Three-dimension printing made news in November 2013 when Solid Concepts (SolidConcepts.com) printed a working 1911 .45-caliber handgun. Suddenly, the national spotlight was on 3-D printing, a tool with a reputation for creating prototype plastic parts. Why was the gun such a big deal? It proved the viability of 3-D printing as a precise manufacturing process, producing more than 30 separate stainless steel and Inconel parts, several of which are subjected to 20,000 psi of pressure every time the pistol is fired. Why should you care? Because hot rod parts can also be produced using this process.
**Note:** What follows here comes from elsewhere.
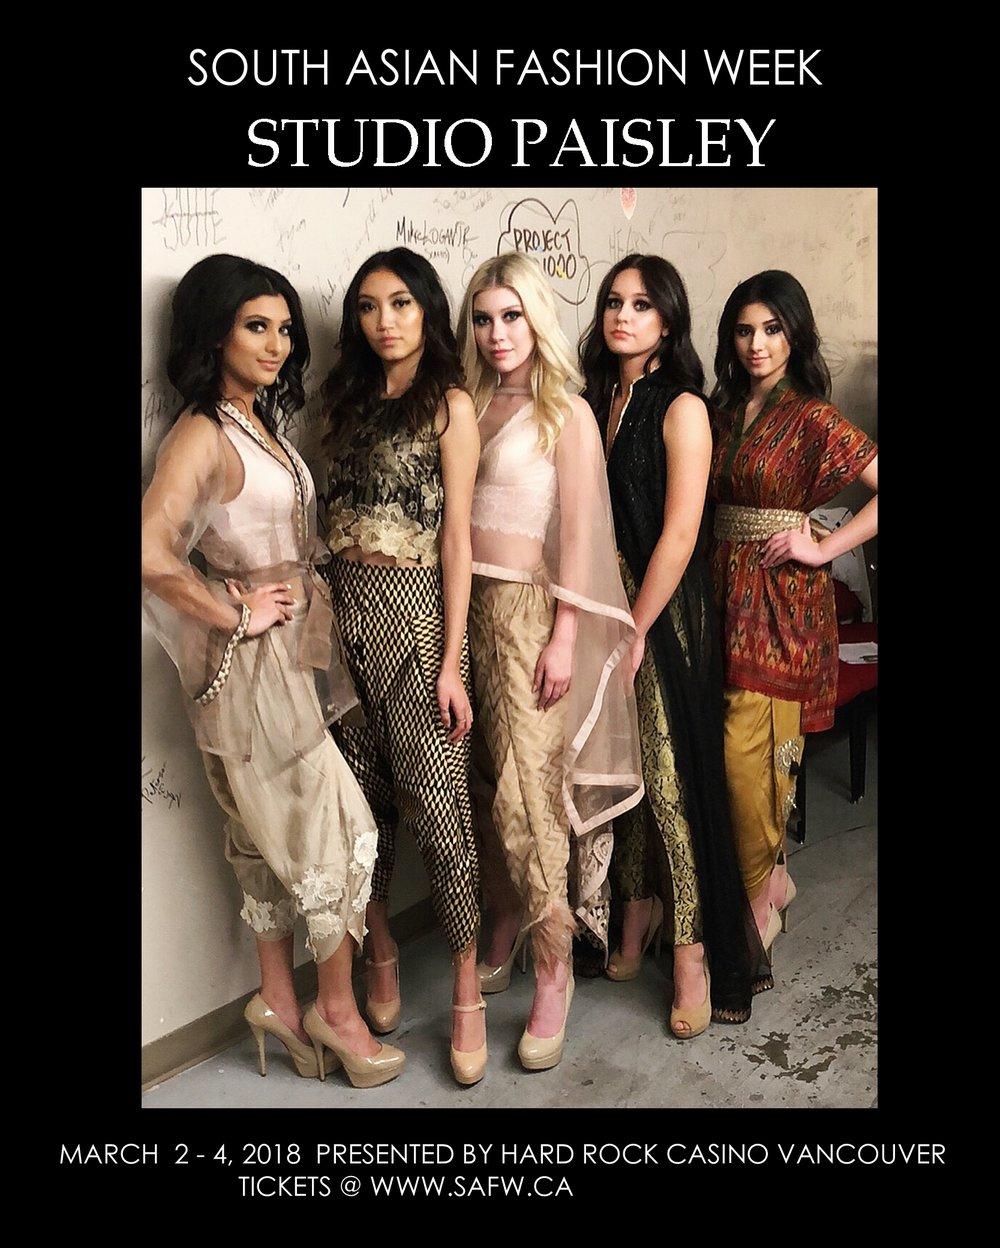 Studio Paisley

We featured a ’69 Mustang (“Rapid Prototype,” Mar. ’14) that was built by Agent 47 (AgentFortySeven.com) using several 3-D printing processes. The Mustang was just the tip of the iceberg, and the man behind the technology of that car, Corey Weber, gave us a glimpse of what’s possible at his Forecast 3-D facility.
Stereo-lithography-apparatus (SLA) printing uses computer-aided design (CAD) data to control the movement of a printer head. Instead of dispensing ink, this printer head directs a laser beam onto the surface of a liquid epoxy photopolymer (a resin cured by light), drawing the sliced CAD data layer by layer. Wherever the laser draws on the surface of the resin, the resin cures from liquid to solid and bonds to the layer below. The part is attached to a platform under the surface of the resin, which drops lower into the resin with each layer, essentially growing the part downward. Stereo lithography apparatus printers are relatively inexpensive and have a great surface finish.
It’s not the sort of part you’d want to flog on a road course or dragstrip for very long, but this stereo-lithography-apparatus-printed airbox is perfect as a proof of concept.
Ballpark Pricing
Center Console: $1,100
Shift Knob: $175
A fused-deposition-modeling (FDM) 3-D printer interprets a CAD file into rapid printer head movements. Plastic filament wire is fed into the printer’s extrusion head, where it is heated to its melting point. The molten plastic is then extruded from the printer’s nozzle in a ribbon that’s shape is determined by the CAD data. This ribbon of plastic then bonds to the layer previously printed.
FDM 3-D printing is routinely used to produce prototype air intake boxes and tubing, but altering the composition of the material can yield a part suitable for real-world use. Agent 47 built the center console of its Harbinger Mustang from acrylonitrile butadiene styrene (ABS) thermoplastic, resulting in a lighter part than an upholstery shop could ever produce from wood and fiberglass.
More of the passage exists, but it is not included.